Quizá por influencia de Bécquer, siempre he sentido un vínculo sutil y estacional con las golondrinas. Este se reforzó en el instituto, cuando leímos en inglés (plano) "The Happy Prince", un relato de Oscar Wilde que cuenta la peligrosa relación de una golondrina con la estatua de un príncipe. Ahí debajo hay todo un mensaje subliminal sobre la situación socio-sexual del autor.
No soy ornitólogo, ni siquiera ornitófilo, pero hace poco, tras un reportaje de la BBC, fui plenamente consciente de algo que todos sabemos superficialmente: las golondrinas migran cada año desde Nigeria hasta mi balcón, donde sus nidos vuelven a colgar. Cruzan el Sáhara y se paran a beber en un oasis donde el sol ha concentrado el agua hasta el punto de hacerla venenosa. Por suerte, un ejército de moscas sí puede beberla y filtrar sus tóxicos. Así que las golondrinas se las comen y ya de camino se hidratan. Podemos decir, pues, que las golondrinas beben moscas.

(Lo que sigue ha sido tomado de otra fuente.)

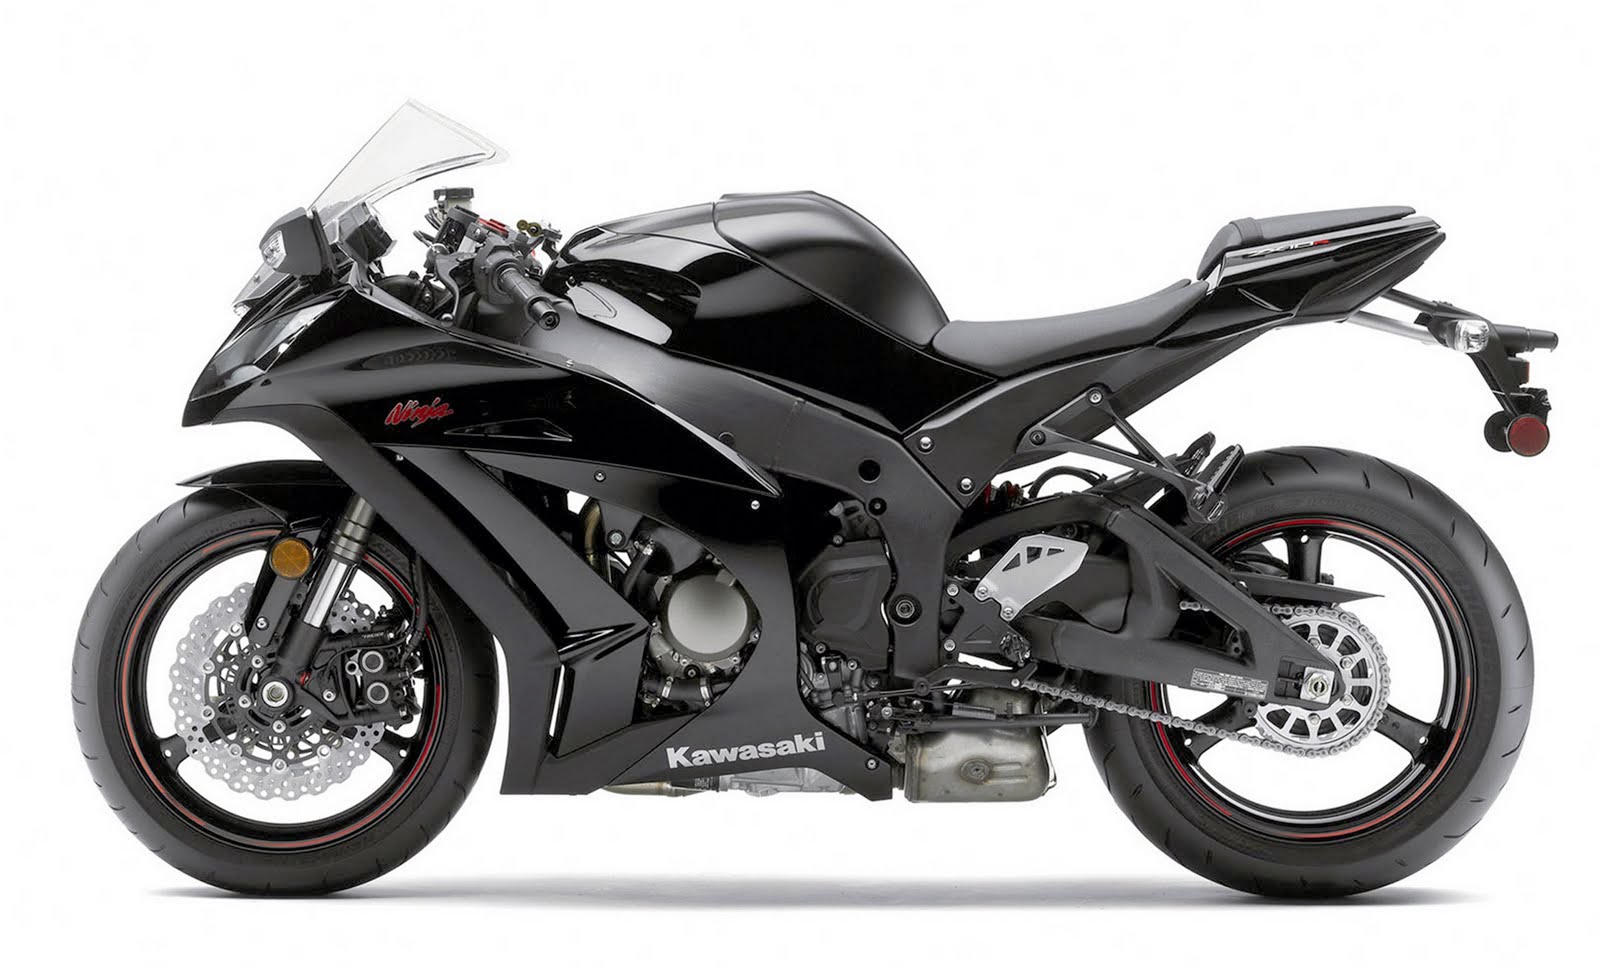 New 2013 Kawasaki Ninja 1000 Bikes ~ Top Bikes Zone

Justo al lado de mi ventana hay tres nidos. Todavía están vacíos, pero ayer, mientras miraba distraído el atardecer, vi pasar a una de ellas, una avanzadilla de sus hermanas, que vendrán a ayudarnos contra moscas y mosquitos estivales. Son innmigrantes incomprendidas, cuyos nidos derriban pintores o albañiles y cuyas heces nos molestan al caer sobre nuestros geranios. Pero, como todos los inmigrantes, vienen por algo y para algo. Huyen del infierno de África y nos ayudan a dormir sin las ventanas cerradas ni repelentes electroquímicos.
Dice el adagio que una golondrina no hace verano, pero esta exploradora nos asegura que el ciclo continúa. Poetas y cuentistas del futuro tendrán a su disposición este símbolo fugaz, una superviviente que nos ayuda a sobrevivir.